Жорж незадолго до своего печально знаменитого прыжка в воду

   Так или иначе, а два следующих дня Тур и Норман увлеченно копошились на палубе возле бывшей мачты, сверлили дырочки, присоединяли всяческие деревяшки и, наконец, объявили: "Готово". Оставалось лишь переправить новоиспеченный волнорез с левого борта на правый, эту операцию надлежало совершить водным путем - сбросить бревно и обвести его вокруг кормы. А за кормой у нас, если помните, болтается на канате красный поплавок-буй. Буй вытащили (линь помешал бы проводке бревна), и впервые за все дни плавания мы оказались без хвоста.

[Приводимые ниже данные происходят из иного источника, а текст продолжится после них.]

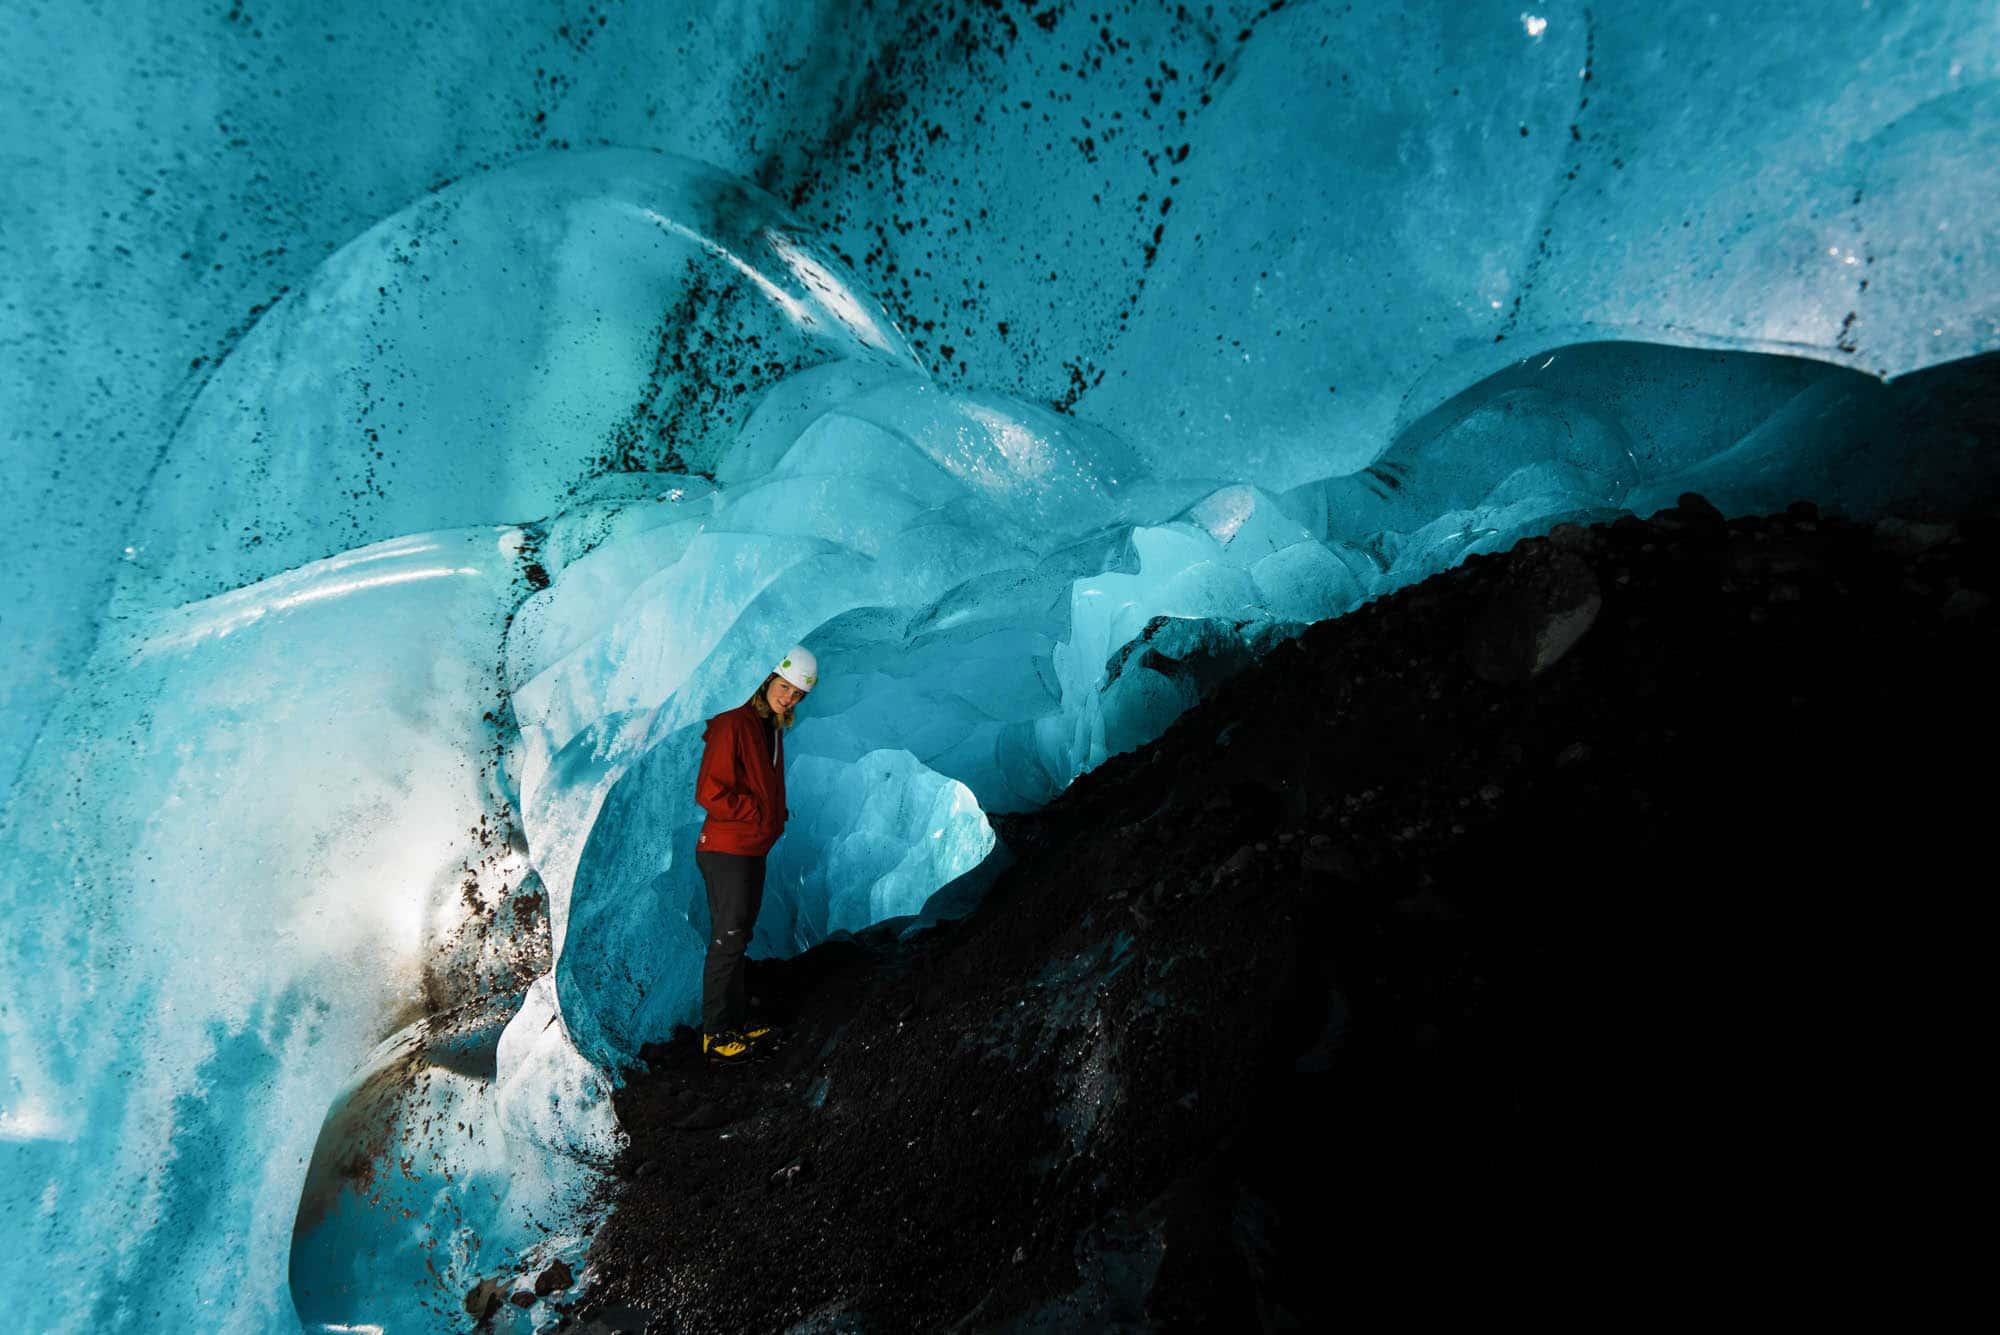 vatnajökull ice cave tour

   Я в это время стоял на вахте и не видел толком, что там, у мачты, происходит. Знал только, что там Норман, Тур, Сантьяго и Жорж. Последний то и дело озабоченно шмыгал мимо меня, используя мостик как кратчайшую дорогу с борта на борт. Явившись в очередной раз, он с напускной солидностью известил, что предстоит ведение подводных работ, по-хозяйски огляделся, весь - занятость и энергия, увидел, что буй не в воде, моментально бросил его в волны и проследовал дальше с видом человека, которому за все приходится отвечать.

   Вскоре я услышал крик. Мачта, предмет стольких забот, качалась на волнах, с каждым мигом отставая от корабля. На корме появился Жорж и недолго думая плюхнулся в воду.

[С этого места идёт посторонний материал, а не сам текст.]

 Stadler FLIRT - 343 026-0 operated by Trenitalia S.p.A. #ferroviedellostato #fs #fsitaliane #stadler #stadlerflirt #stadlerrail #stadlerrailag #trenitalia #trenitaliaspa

   Я даже не успел вообразить возможные последствия этого безумного шага, а он уже вынырнул, схватил линь, на котором болтался буй, догнал мачту, благо она плыла вдоль веревки, оседлал ее и, вцепившись в веревку у самого буя, ожидал, когда мы его вытащим.

   Общими усилиями вытянули и Жоржа, и мачту. Жорж пыжился, но Тур вместо похвалы как следует его отчитал. И правильно. Не обеспечь себе Жорж буя - случайно, совершенно случайно! - что бы с ним стало?! "Ра" не имеет ни тормозов, ни заднего хода, и человек за бортом для нас - навсегда за бортом.

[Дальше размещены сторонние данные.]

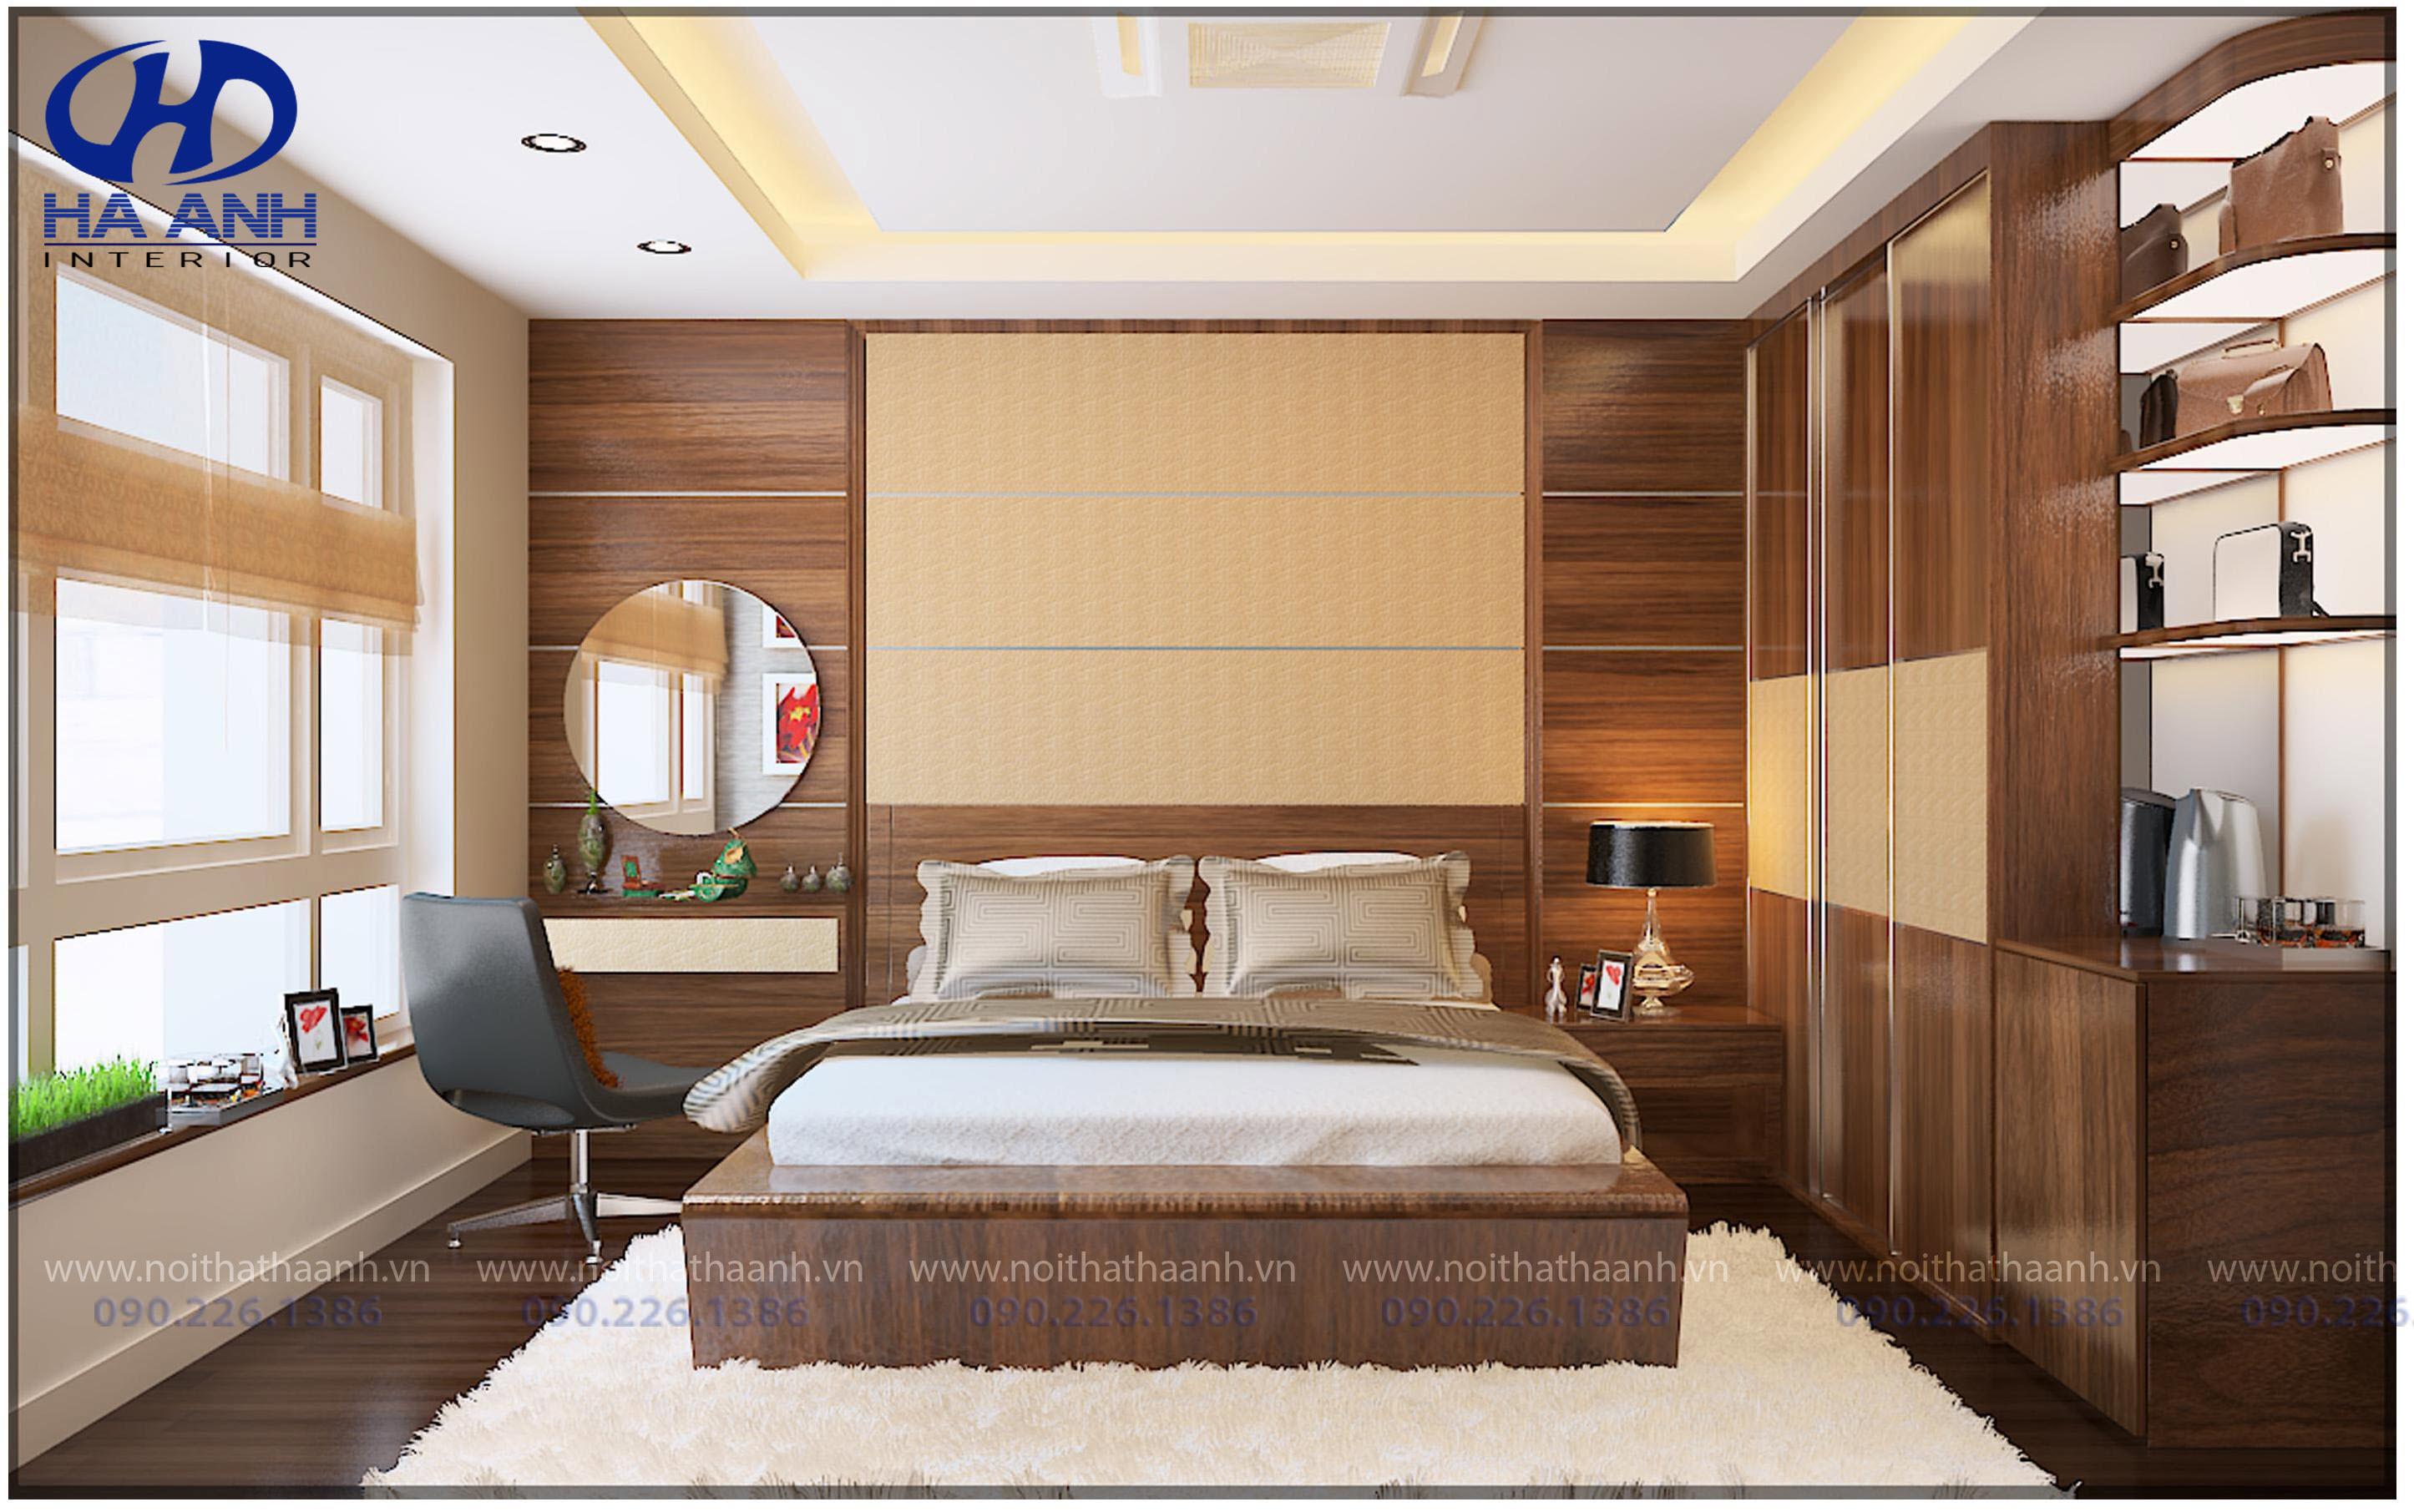 Nội thất phòng ngủ laminate

Жорж и Карло иногда уплывали на "Зодиаке" так далеко, что порой теряли "Ра" из виду

   Помню свое первое купание в прошлом плавании. С утра было ясно, что день предстоит жаркий. Солнце светило вовсю, океан вел себя необычайно спокойно. Я пришел на корму умываться и увидел Карло, он голышом плескался возле борта, привязавшись к деревянной поперечине. Он фыркал и повизгивал от удовольствия. Тур попробовал воду ногой: "Ледяная!" - но я рискнул и забарахтался рядом с Карло, согнав Тура брызгами с его места. Конечно, вода не очень теплая, но до того приятно принять ванну, пусть соленую, после двенадцатидневного перерыва!

   Намылился, хорошо помылся, вылез освеженный - и тут же упустил мыло, потянулся за ним, но оно уплывало, уплывало, а Тур, заметив мой жест, сказал:

   - Осторожно! Мы все-таки движемся!

   Да, мы двигались, хотя ветра почти не было и парус висел как неживой. И, представив себе, как я только что плескался на тоненьком шкертике, я в ту же секунду почувствовал себя неуютно...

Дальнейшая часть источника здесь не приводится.